Did he buy the rebuild from a supplier such as a national parts store? If it is say a 350 cid it could be from any year possibly from the last 20-30 years. There are engine codes on the block, not sure where on the Chevy blocks, that can tell you the year it was built.


----------



## bostonwindows30 (Jan 23, 2013)

That's what I need to know? Is where to look for these codes on the block????


----------



## Bondo (Dec 8, 2007)

Ayuh,... The block Castin' number is on the bellhousin' flange, behind the left head,...

The original block stampin's are on the block's deck, just ahead of the right head,...
Though, if the block was decked, the stamped numbers are now Gone,....

Donno why yer askin', as the new motor, most likely uses all the accessories off the original '94 motor,...


----------



## bostonwindows30 (Jan 23, 2013)

It originally was a 5.7 do you think they put that same liter in or went to a 5.3??


----------



## Anti-wingnut (Oct 18, 2009)

bostonwindows30 said:


> It originally was a 5.7 do you think they put that same liter in or went to a 5.3??


Yes to both


----------



## Bondo (Dec 8, 2007)

bostonwindows30 said:


> It originally was a 5.7 do you think they put that same liter in or went to a 5.3??
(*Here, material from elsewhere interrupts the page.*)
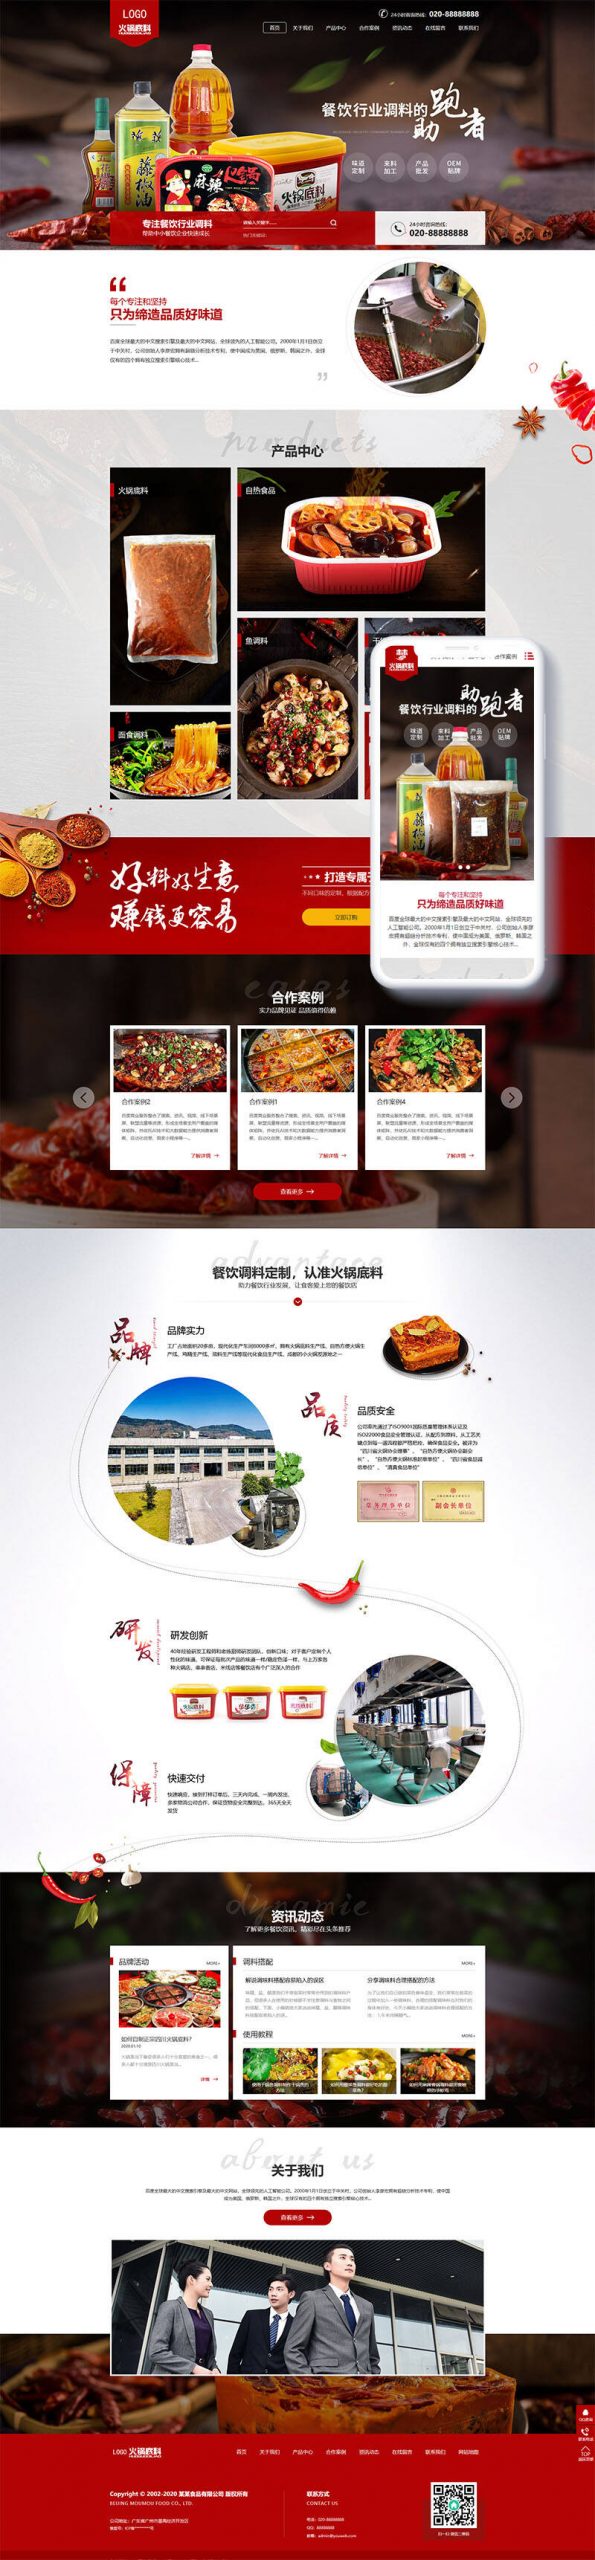 M538 高端火锅底料餐饮调料食品营销型网站织梦模板(带手机端)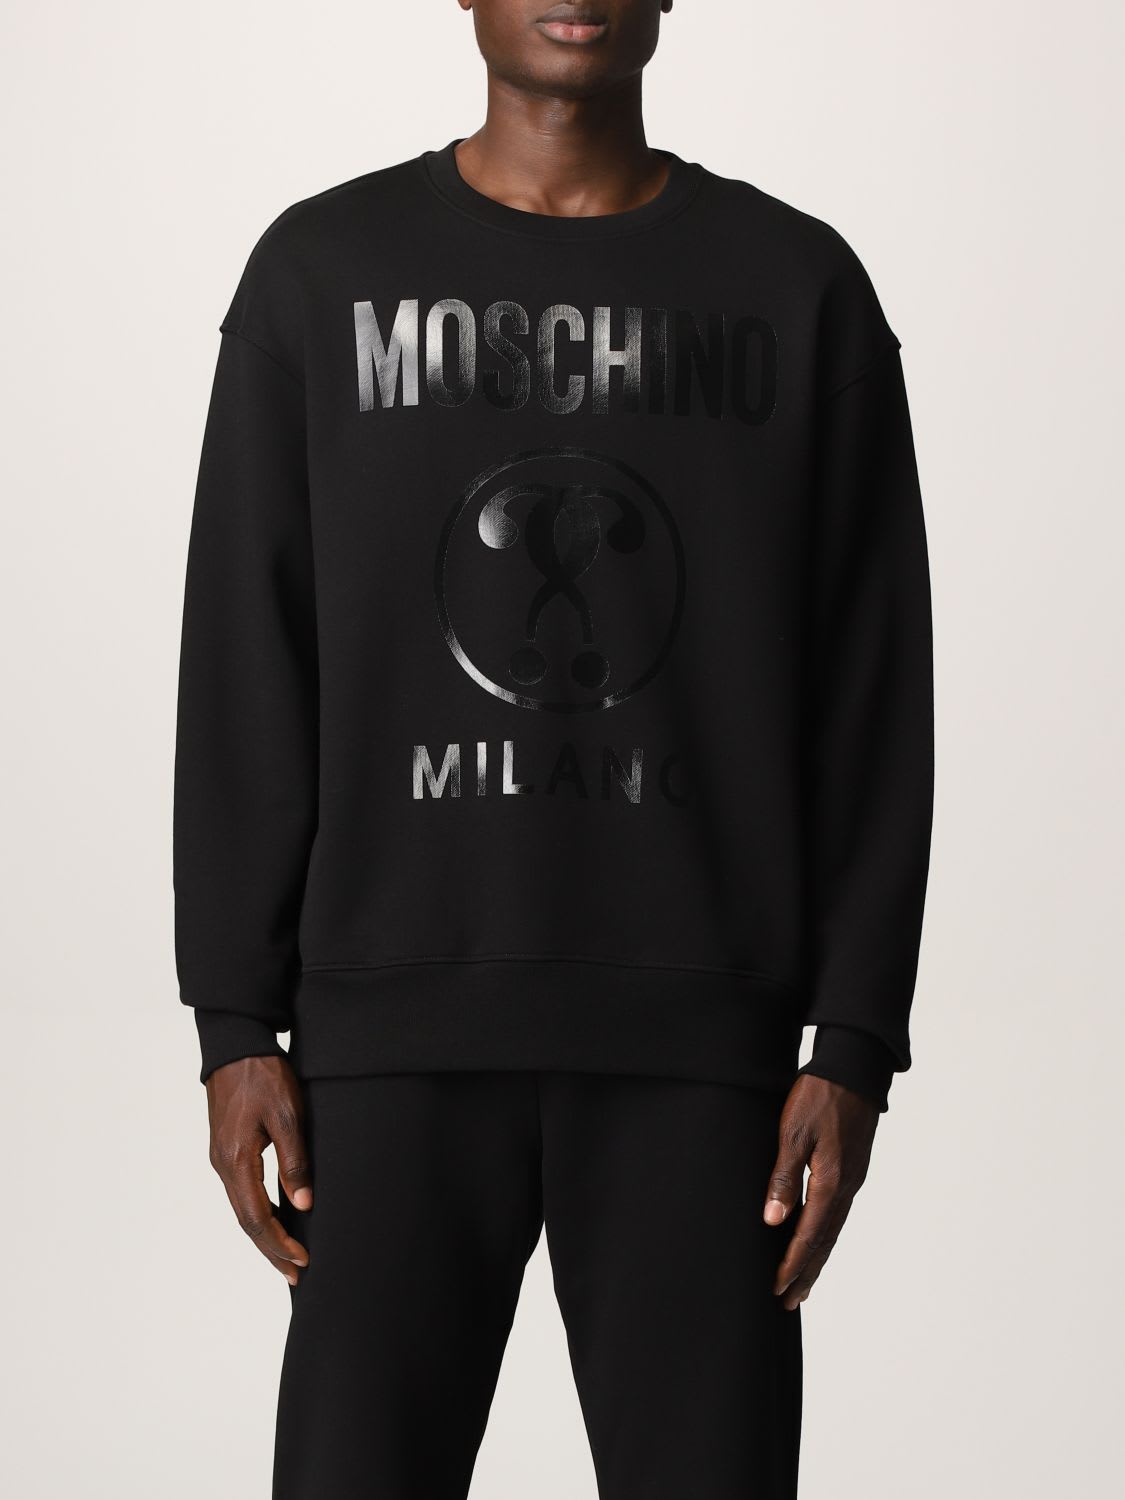 Moschino Couture Sweatshirt Moschino Couture Crewneck Sweatshirt With Big Logo

Ayuh,.... I imagine it's a 5.0l or another 5.7l, as the 5.3l is a very, _*Very*_ different motor,....


----------



## Mort (Nov 26, 2008)

Most likely its just a replacement 350, no reason to downgrade to a 305 (unless he got a screamin' deal on one). Upgrading to a 5.3 is such a big and complicated project that if he knew enough to do it, he'd know everything about it.

The only reason it would matter is if you are in a really strict smogging state (like California), you can only put in a replacement engine that is either the same model year as the truck or newer. That is to say, if the truck is a 94, you can't put a block from a 93 in it, even though they're identical. I kinda doubt the state inspector would ding you on it, though. Of course, Washington doesn't have a state inspection, so I can't speak to that part of it.


----------



## bostonwindows30 (Jan 23, 2013)

Mort- thank you perfect...


----------